Example 2: Custom Processing with Detailed Logging¶

import logging
from clifpy import setup_logging, get_logger
from clifpy.utils.sofa import compute_sofa

# Enable DEBUG level for detailed tracking
setup_logging(output_directory="./output", level=logging.DEBUG)

logger = get_logger('sofa_analysis')

logger.info("=" * 50)
logger.info("SOFA Score Calculation")
logger.info("=" * 50)

logger.debug(f"Input dataset shape: {wide_df.shape}")
logger.debug(f"Columns: {wide_df.columns.tolist()}")

# Compute SOFA scores
sofa_df = compute_sofa(
    wide_df,
    id_name='hospitalization_id',
    extremal_type='worst'
)

logger.info(f"Computed SOFA scores for {len(sofa_df)} hospitalizations")
logger.debug(f"SOFA score distribution:\n{sofa_df['sofa_total'].describe()}")

# Check results
logger.info(f"Logs saved to: output/logs/clifpy_all.log")
logger.info(f"Error log: output/logs/clifpy_errors.log")

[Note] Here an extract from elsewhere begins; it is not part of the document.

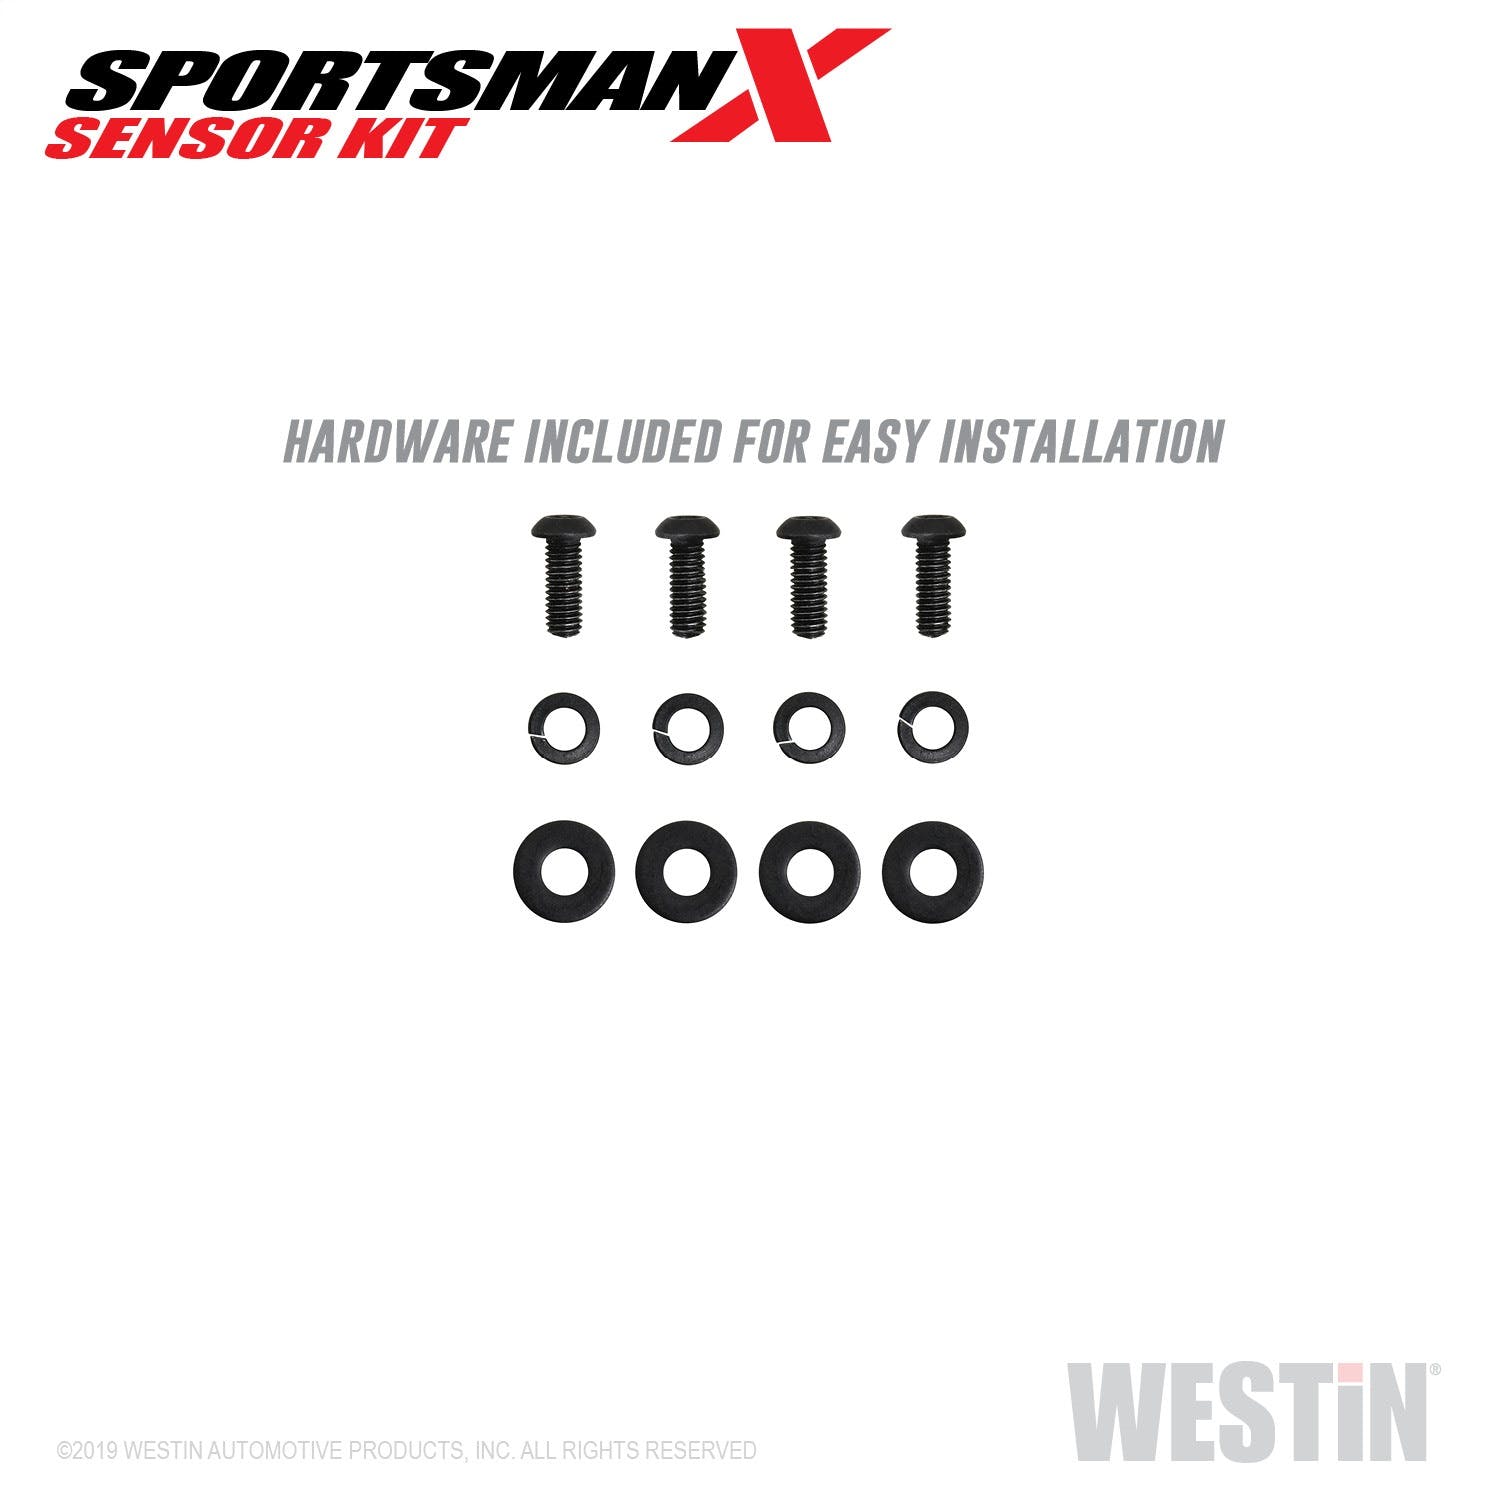 Westin Automotive 40-21015 Sportsman X Sensor Kit Textured Black

Example 3: Quiet Mode (Errors Only)¶

import logging
from clifpy import ClifOrchestrator, setup_logging

# Only show warnings and errors
setup_logging(
    output_directory="./output",
    level=logging.WARNING,
    console_output=True
)

clif = ClifOrchestrator(
    data_directory="./data",
    filetype="parquet",
    timezone="US/Central",
    output_directory="./output"
)

# Console will only show warnings/errors
# All info messages still go to clifpy_all.log
clif.load_table("labs")
clif.create_wide_dataset(tables_to_include=["labs"])

Summary¶

The clifpy logging system provides:

✅ Automatic logging for all operations
✅ Dual log files (all events + errors-only)
✅ Console output for real-time feedback
✅ Emoji formatting for readability
✅ Organized structure in output/logs/ directory
✅ Flexible configuration for different use cases

No additional setup required when using ClifOrchestrator - just review the logs in output/logs/ after running your analysis!